If you're black (and I'm not, so this is more about trying to build my awareness than experience), and particularly in America, you face a statistically far greater threat than Covid-19 every time you step outside your front door - and sometimes you won't even have to do that. Black people are far more likely to be killed, injured, put in fear of death or injury, etc., than white people - in the US, here, and all over the place. You will be less likely to find work to feed yourself and your family than your white counterparts, educational opportunities will be more limited, and you'll be generally treated with more suspicion than if you were white. That's what structural racism does.

So maybe protesting all those deaths and discrimination might not seen like a priority to you, because you're not at nearly the same risk as a black person. But it's very likely that, for a lot of black people, that shit is a FAR bigger, endemic, and clear and present threat to their well-being than a virus. Maybe they're wrong, but it isn't hard to see why they might think it is.
 
Oh dear. That poor Care Minister who twice got absolutely annihilated by piers morgan for not knowing basic facts has now turned up on Sky News. How did she get her job?

 
It's pretty fucking ridiculous that the Government press office has banned any ministers from going on GMB or Channel 4 news. Particularly at this time. Surely communication is vital and those are two pretty influential outlets. Cancelling the weekend press conferences too... why?
 
57% of those tested in the Italian province of Bergamo were positive for antibodies, so I don't see any particular reason to believe only 25% are susceptible.
And then there was the US prison where 80% tested positive (2000/2500 prisoners and staff, on here somewhere). There is the possibility that there is now more than one strain, with a more infectious strain affecting the eastern states of the US, specifically - a study from California raised this a while ago (also on a thread here).
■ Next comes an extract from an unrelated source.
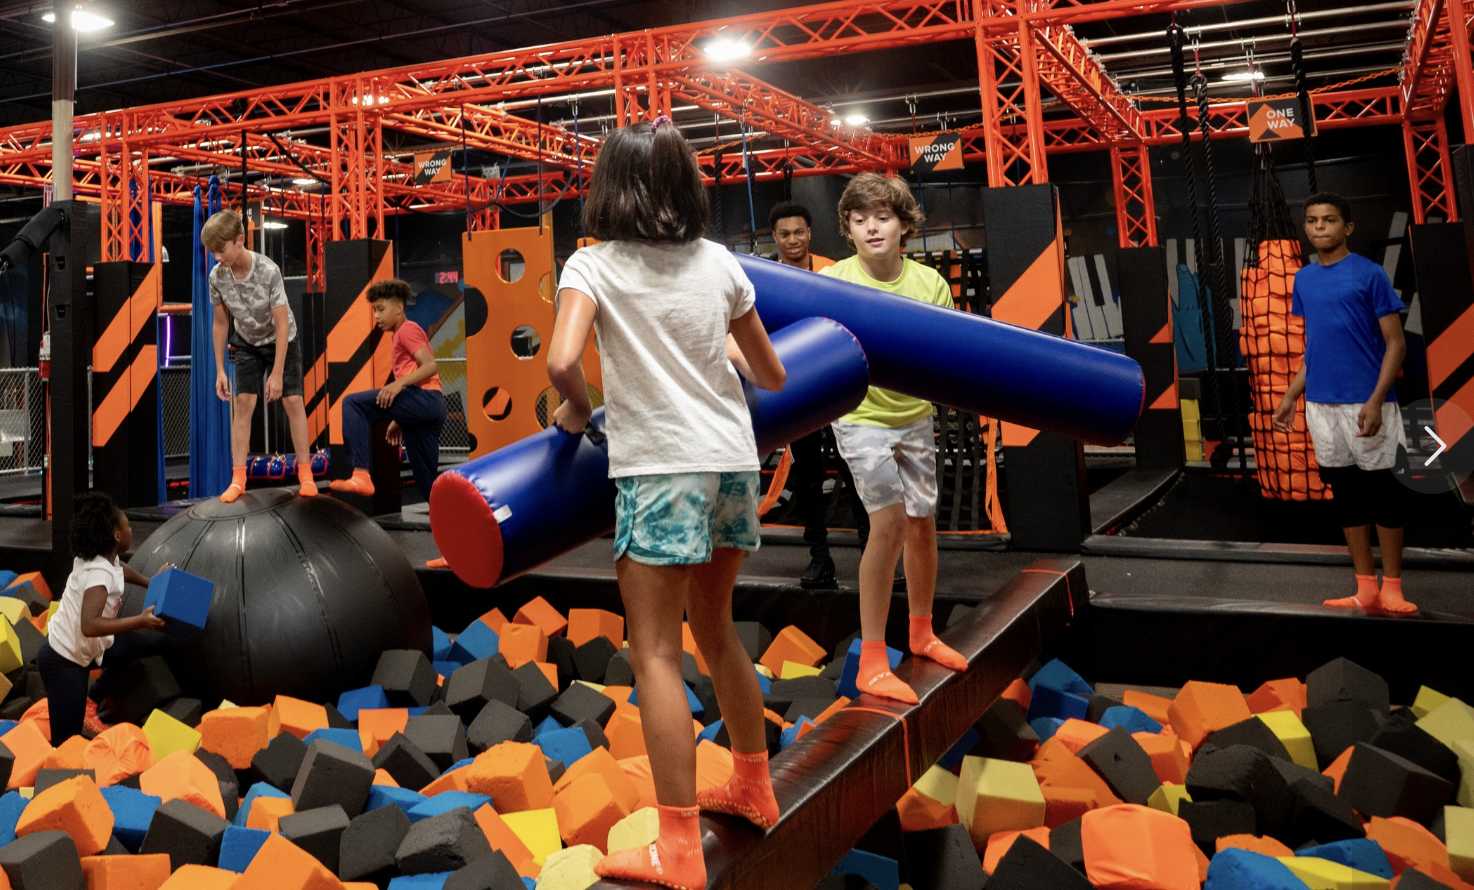 Arlington might be getting a Sky Zone trampoline and indoor entertainment park

These are weaknesses in the argument, though. You produce a nice-looking model that comes up with some good predictions, then the danger is that you tweak the theory repeatedly to fit the model and the tail ends up wagging the dog, as in Ptolemy's Earth-centred universe with its orbits-within-orbits-within-orbits.
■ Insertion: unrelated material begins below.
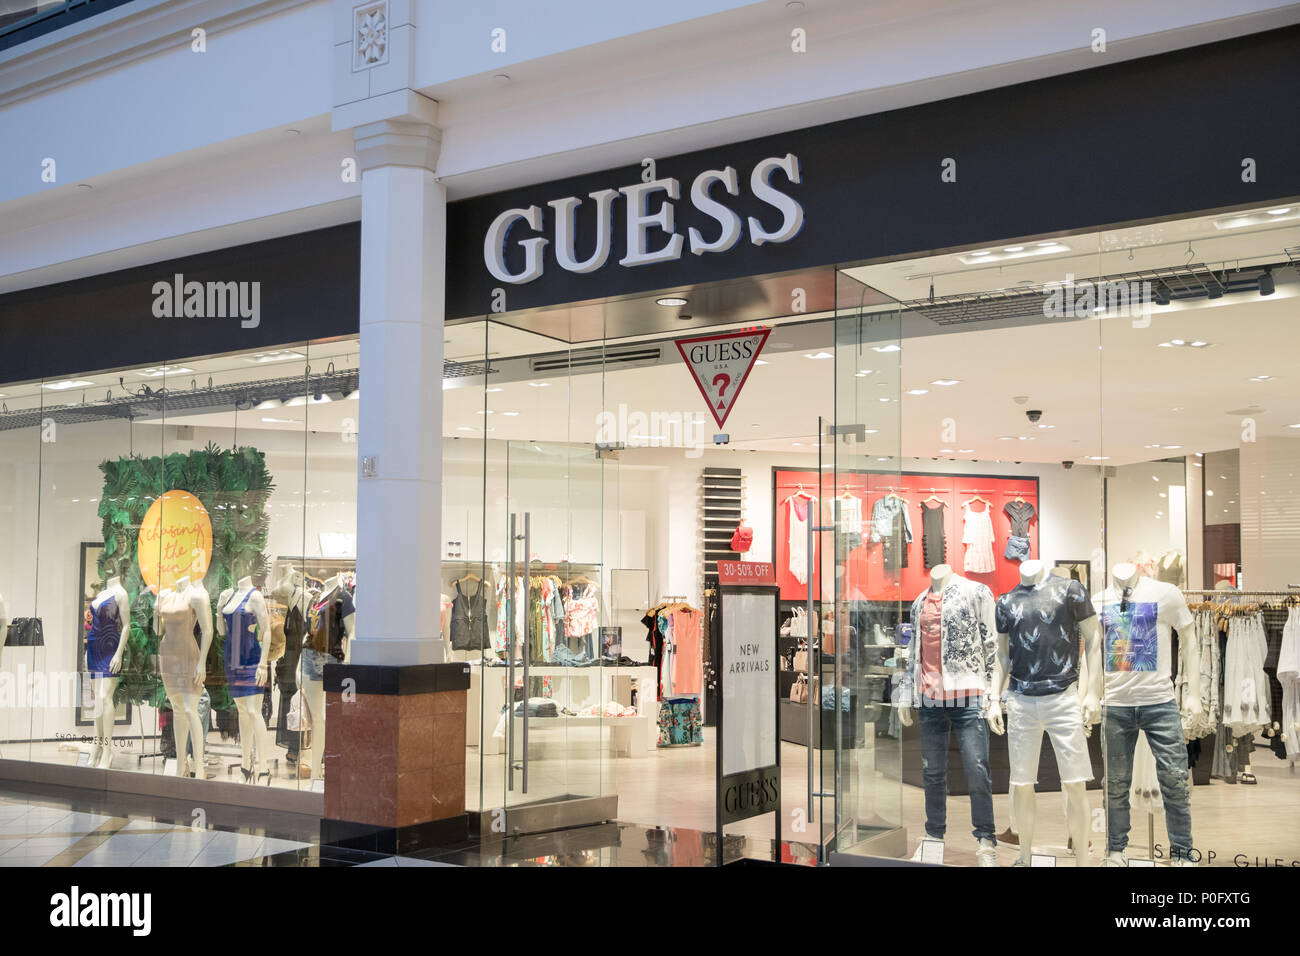 Guess Clothing Shop Interior High Resolution Stock Photography and Images -  Alamy

On balance, I think elbows is right that these are all possibilities to bear in mind, but that more evidence is needed. Big danger in thinking the likes of Friston must be right cos a) they talk a pretty good game, and b) you want them to be right.

In terms of policy-making, what difference do the ideas of the likes of Gupta and Friston make? I would suggest at the very least that the onus now should be switching towards lifting lockdown sooner rather than later, because of the ongoing damage of lockdown itself. I do suspect that more countries will end up bringing their lockdown timetables forwards than pushing them backwards as the downward trends in infection continue. If only we had a half-competent government, we could already be some way through a planned timetable for lockdown lifting here, but this government seems to operate more on hope, aspiration, and people doing stuff for themselves, than actual plans.
 
It's always possible that when some noted professor says something surprising it's because they're bonkers, like Peter Duesberg sticking to the view that AIDS was caused by poppers and other recreational drugs.
 
If you're black (and I'm not, so this is more about trying to build my awareness than experience), and particularly in America, you face a statistically far greater threat than Covid-19 every time you step outside your front door - and sometimes you won't even have to do that.

I'm sorry but where the hell do you get those statistics? Covid has been killing far more people than racists for the last few months.